The power and benefit of homeostatic translation regulation by phosphorylation of eIF2α lies in its dynamic reversibility to provide cells with rapid adaptation to changes in their environment. Here we showed that R15B rescues eIF2B from P-eIF2 inhibition. This enables eIF2 and eIF2B to re-enter the translation initiation cycle, thereby preventing the lethal consequences of persistent translation inhibition.

Materials and methods

Mammalian cells

Expi293 (RRID: CVCL_A784) suspension cells were grown in Expi293™ expression medium (Thermo Fisher, A14351) in 850 cm² roller bottles (Corning, 430849) in a humidified incubator at 37°C, 8% CO₂, 125 RPM and kept at densities between 0.5 to 2x10⁶ cells/ml in a maximum volume of 600 ml per 850 cm² bottle during maintenance.

Human embryonic kidney 293T cells (HEK293T) (RRID: CVCL_0063) and HeLa (RRID: CVCL_0030) cells were grown at 37°C with 5% CO2 in a humidified incubator. Both were grown in Dulbecco’s Modified Eagle’s Media (DMEM, Sigma, D5796) supplemented with 10% foetal bovine serum (FBS, Gibco 10270), 2 mM L-glutamine (Gibco, 25030), 100 U/mL penicillin and 100 μg/mL streptomycin (Gibco, 15140122).

Cloning

R15 constructs were cloned into the mammalian expression vector PXJ41 (39), which contains a single N-terminal FLAG tag, using the Gibson Assembly method (40). R15B poly-alanine mutants (477-481 (H2A), 485-488 (DL^m1), 489-493 (DL^m2)) were ordered as GeneArt String DNA fragments (Life Technologies Ltd). The R15B Q490E, Q490L and R15B KATA mutations were generated using QuickChange II Site-Directed mutagenesis kit (Agilent, 200523) following manufacturer’s instructions. R15B N423D mutant was generated in (18) using QuickChange II Site-Directed mutagenesis kit (Agilent, 200523).

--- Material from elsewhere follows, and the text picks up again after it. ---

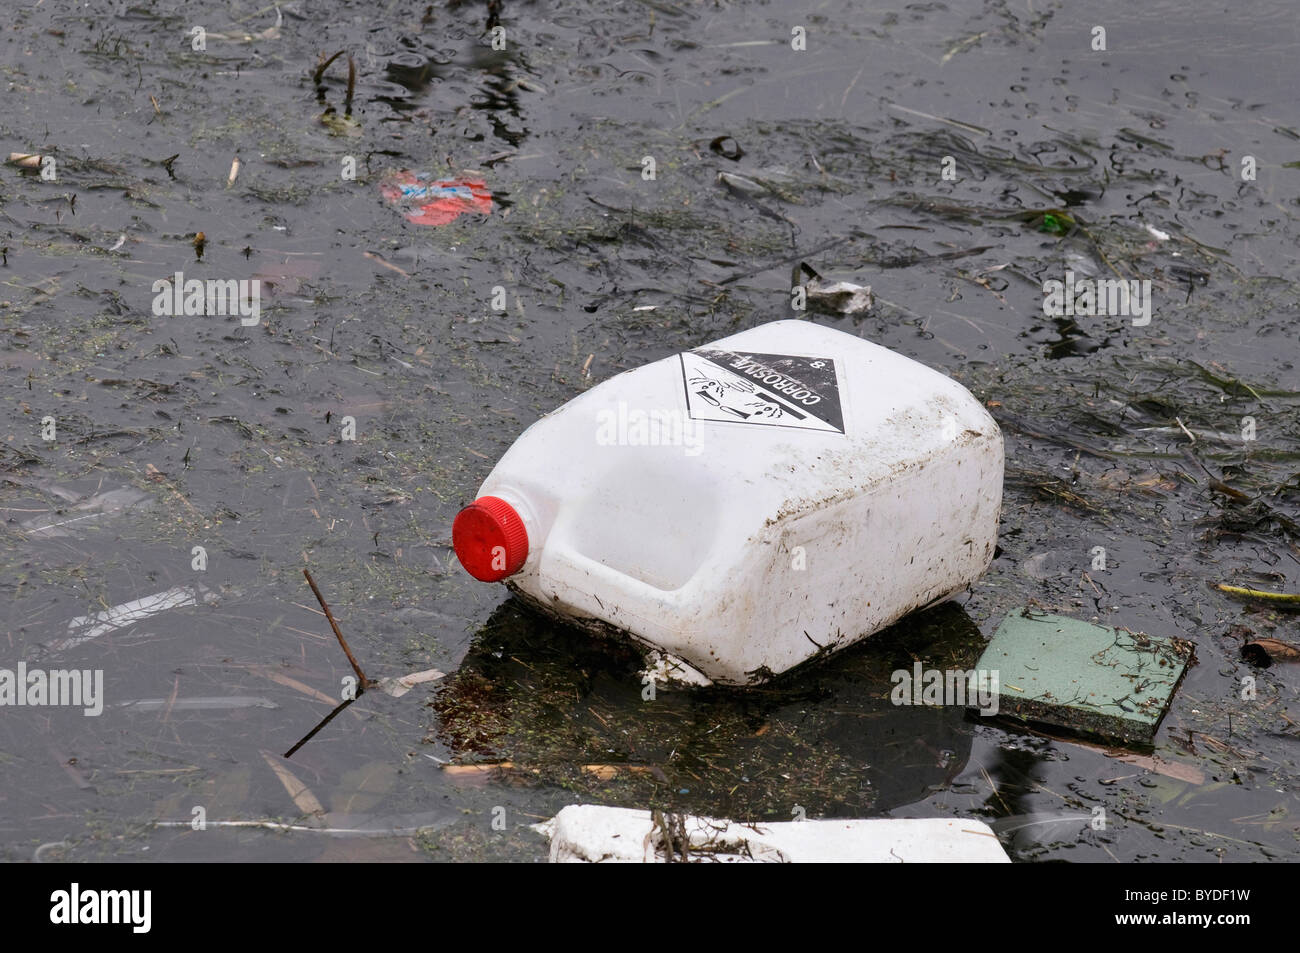 Schmutziges Wasser, alten Kanister mit ätzenden Substanzen schwimmend auf schmutzigen film Stockfoto

Generation of endogenously 3x-FLAG tagged R15B using the CRISPR-Cas9 system

The sgRNA plasmid pairs and donor plasmid were designed as follows. The donor plasmid pMA contains a GAGAGAGAGA linker prior to the 3x-FLAG which is inserted at the C-terminus of endogenous PPP1R15B. EGFP is encoded after 3x-FLAG preceded by an IRES2 element to enable fluorescence-activated cell sorting (FACS). The antisense guide was cloned into the Cas9 D10A vector pX335, the D10A Cas9 nickase minimizes off-target events. The sense guide was cloned into pBABED puro U6, enabling puromycin positive selection.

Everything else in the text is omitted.